Support Questions

Find answers, ask questions, and share your expertise
Announcements
Celebrating as our community reaches 100,000 members! Thank you!

Using countByValue() for a particular column in pyspark

avatar

I have just started learning pyspark. I have a structured data in the below format.

movieId,title,genres

1,Toy Story (1995),Adventure|Animation|Children|Comedy|Fantasy

2,Jumanji (1995),Adventure|Children|Fantasy

3,Grumpier Old Men (1995),Comedy|Romance

4,Waiting to Exhale (1995),Comedy|Drama|Romance

5,Father of the Bride Part II (1995),Comedy

I wanted to get the count of movies based on genres.

movies = sc.textFile("hdfs://data/spark/movies.csv")

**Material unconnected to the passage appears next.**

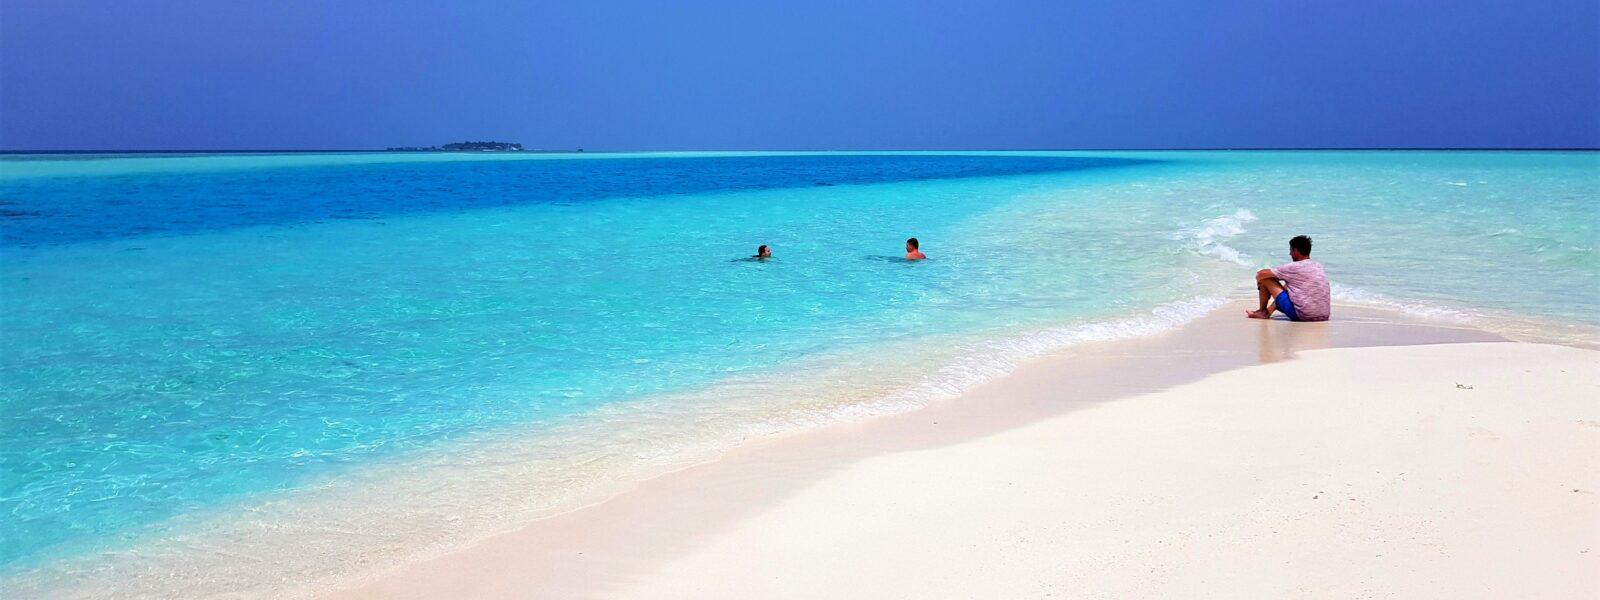 Madivaru Finolhu, najlepši sandbank Maldivov
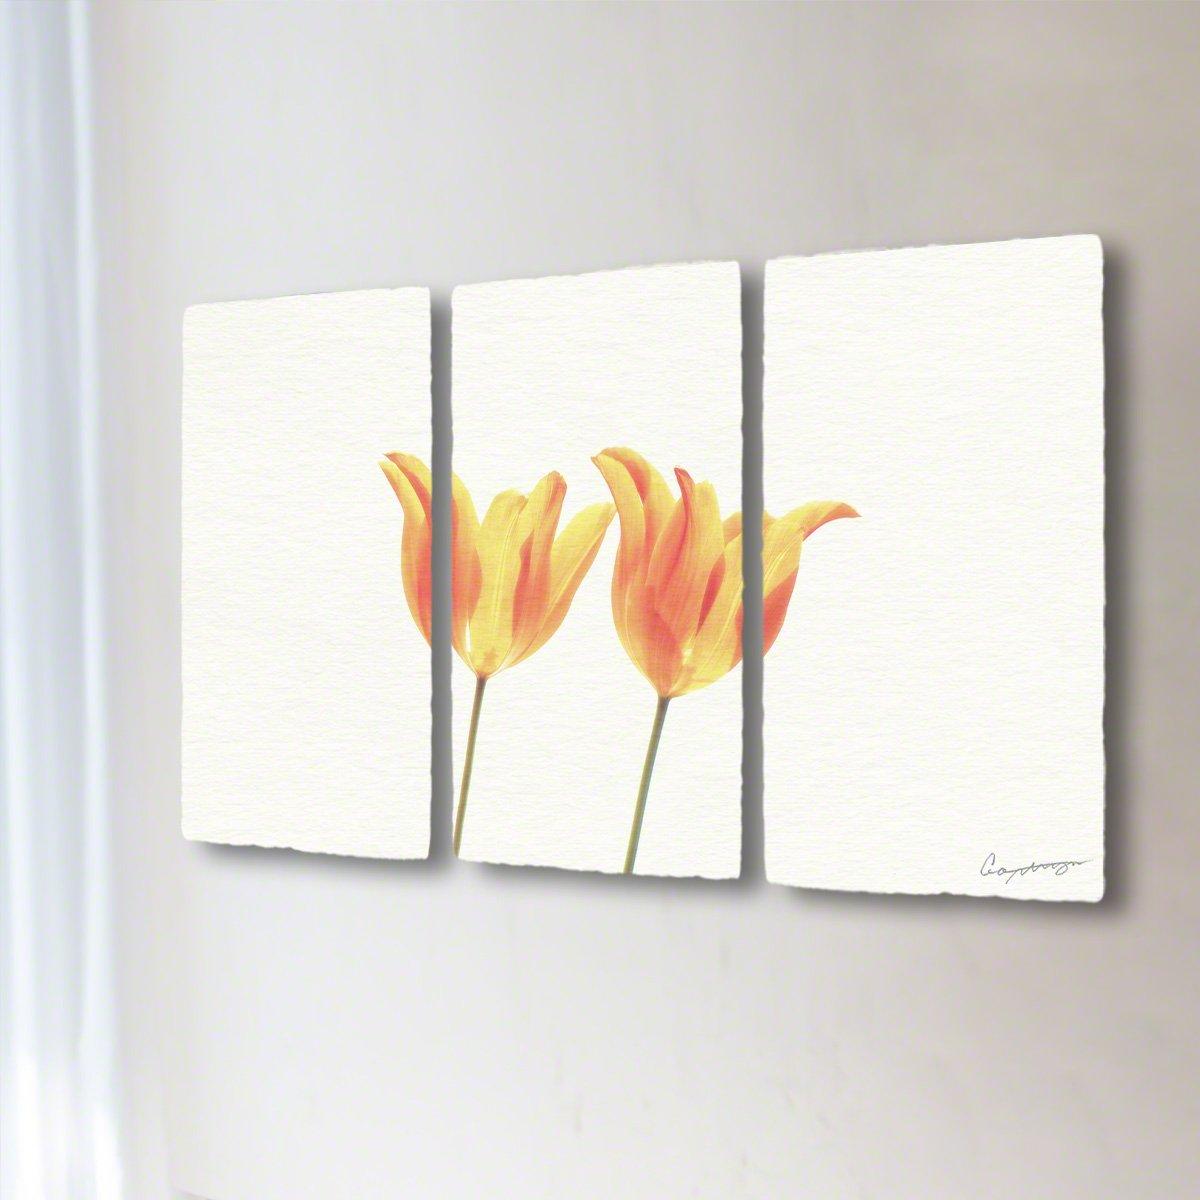 和紙 アートパネル 3枚 続き 「透けるオレンジ色のチューリップ」 (96x54cm) 花 絵 絵画 壁掛け 壁飾り インテリア アート B07BGTR4QW 34.アートパネル3枚続き(長辺96cm) 98000円|透けるオレンジ色のチューリップ 透けるオレンジ色のチューリップ 34.アートパネル3枚続き(長辺96cm) 98000円

moviesgroup = movies.countByValue()

If I use above code then its grouping the data on all the columns. Is there a way to group based on a particular column. In the above case grouping has to be done based on genre and I wanted genre and count to be stored in the RDD. Could someone help on the same?

3 REPLIES 3

avatar
Super Guru
@Bala Vignesh N V

Have you tried doing groupByKey(), reduceByKey or aggregate()?

avatar

@mqureshi

I have tried it but still the same result. Im unable to group only based on genres.

If it is in a query i would have gone with select genres,count(*) from table_name group by genres. I would like to implement the same through pyspark. But stuck here. Any help would be appreciated much.

avatar
Expert Contributor
@Bala Vignesh N V

Your problem statement can be interpreted in two ways.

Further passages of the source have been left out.